Понадобилось еще полвека Просвещения, прежде чем бывший офицер в России мог написать, к примеру, такое, во многом перекликающееся с письмом из нашего корпуса: «Иной хотел <…> славы, а я вооружался из одного повиновения законам чести <…> Шел в ряду с теми, кои для них только и служат, искать своей смерти или дать ее другому. О как ужасно военное состояние! Но монархи этого не чувствуют, а войска — отоматы»[801].

Итак, в самосознании «среднего офицера», насколько его можно реконструировать по письмам и примыкающим материалам, наряду с карьерными стратегиями, характерными для XVIII в., внутренний мир определяет идеал покоя и в земной жизни, и в сферах метафизических. Этот идеал противопоставлен государственному идеалу постоянной службы, не оставляющему для покоя никакого места. Как уже при Петре I жаловались солдаты, «и день и ночь упокою нам нет»[802]. Вердикт австрийского наблюдателя накануне Семилетней войны жесткий, но небезосновательный: «Le Russe déteste naturellement le service, ses vœux seraient de passer ses jours tranquillement chez lui»[803]. И, однако, перемены есть. Иначе уже елизаветинский дворянин не говорил бы о себе неслужащем со вздохом так, как в церковнославянской традиции говорится о не беременной женщине — «быв празден»[804]. Параллель характерна: истинное, именно природное предназначение дворянина — быть на службе.

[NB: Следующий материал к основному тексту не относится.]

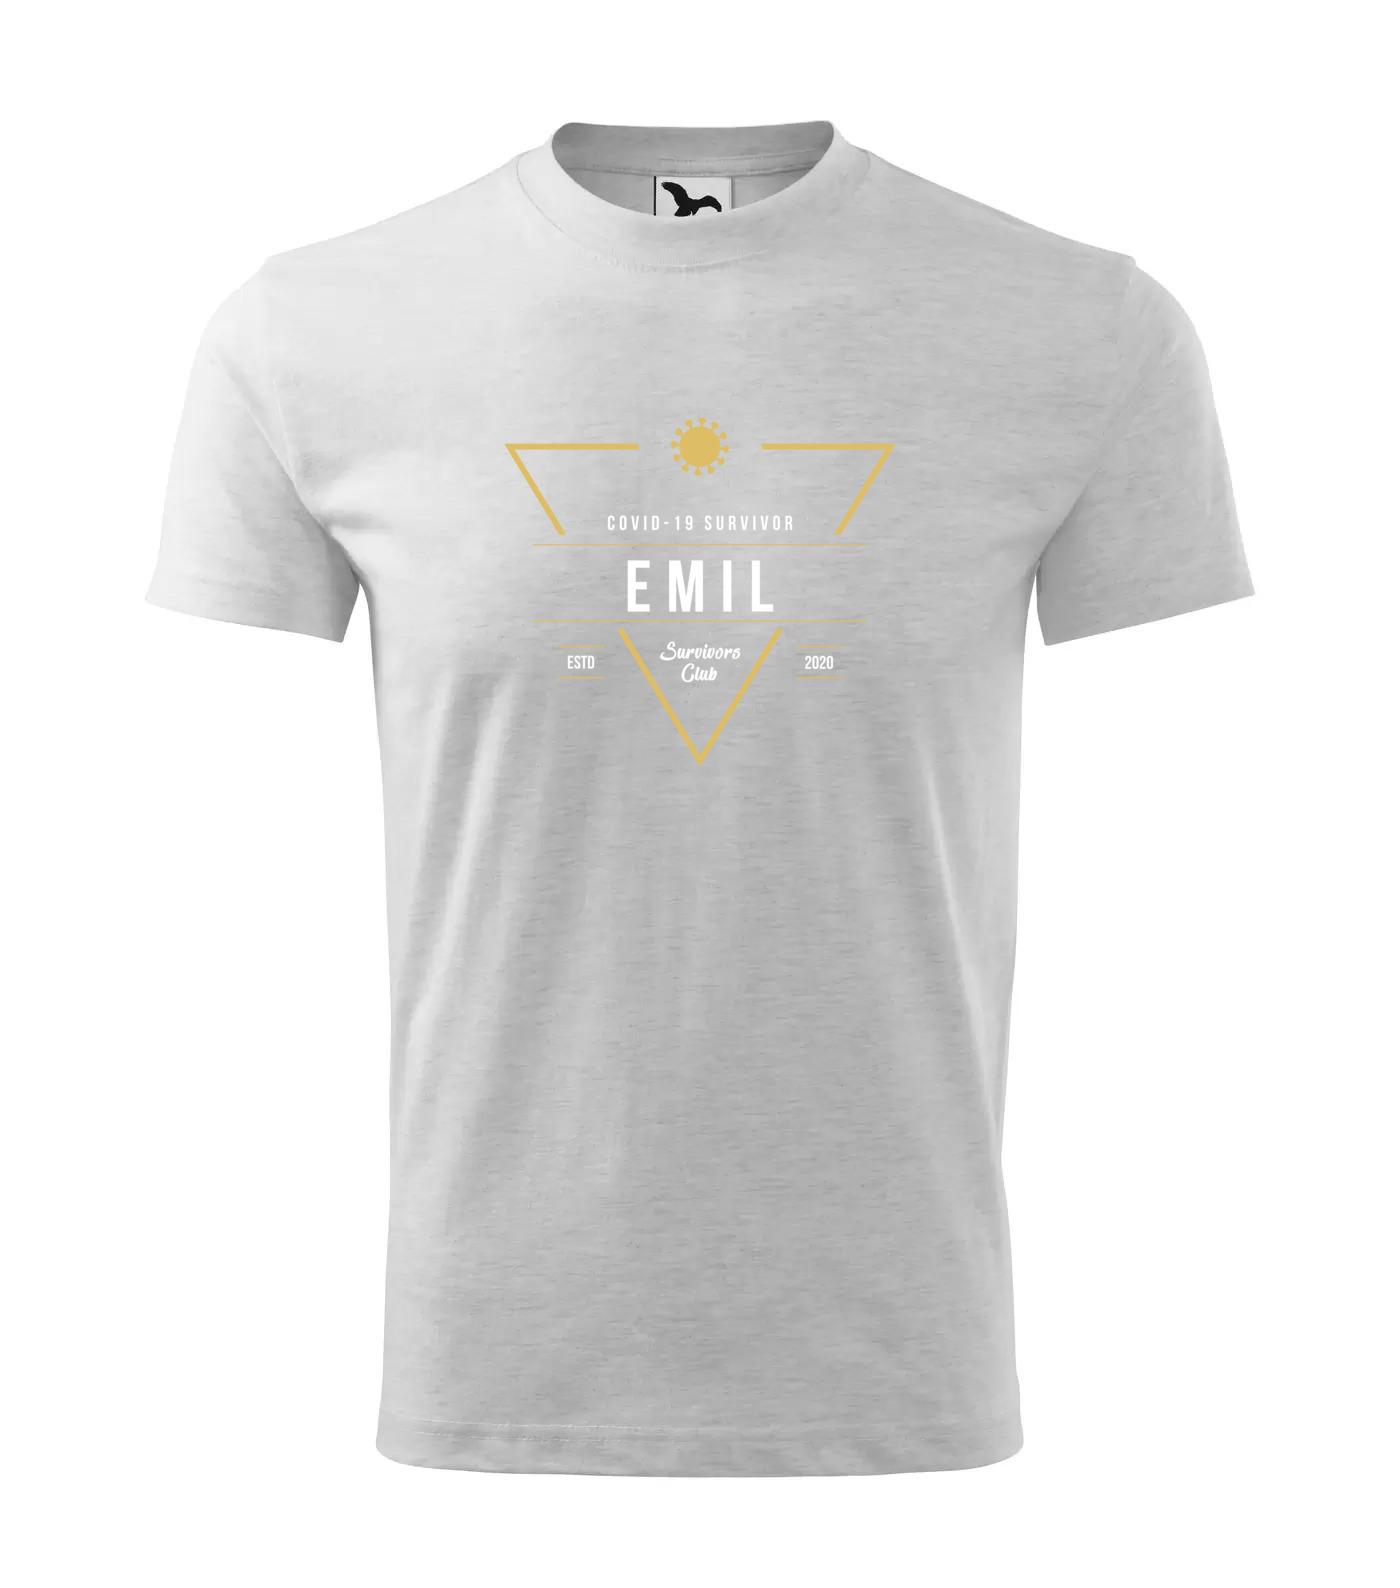 Tričko Survivor Club Emil

На практике начинают реализовываться новые принципы «тщания» и «рвения» на службе, с усвоением надличностных ценностей, принятием регулятором поведения договорных практик, кодекса чести и норм поведения, при которых «кураж», «отнятие покоя» становится добровольным и осознанным[805]. Дело тут не в идеализме, — умирать за идею придумали только в следующем веке — но встраивании стратегий личной карьеры в «дело общее». «Самовольная (добровольная. — Д. С.) в войне служба»[806] соединяет «любовь к отечеству» с трезвой оценкой реалий скорейшего продвижения по лестнице чинов на военной службе в сравнении с гражданской, особенно в активной кампании.

Этот процесс вписан в становление русской культуры персональности, самосознания, связанной прежде всего с дворянством. Исследователь русского homo epistolaris XVIII — начала XIX в. отмечает, что импульсом для саморефлексии служит, как правило, ситуация отрыва частного человека от «стабильного, „естественного“ бытия», то есть того же покоя[807]. Любая разлука, дальний отъезд, вообще рассматриваются как преддверие вечной разлуки[808]. Обыденность и близость смерти даже в мирной жизни придает корреспонденции особую ноту. Тем более это касается войн в «отдалении от Империи»[809], как в рассмотренном корпусе текстов Заграничной армии.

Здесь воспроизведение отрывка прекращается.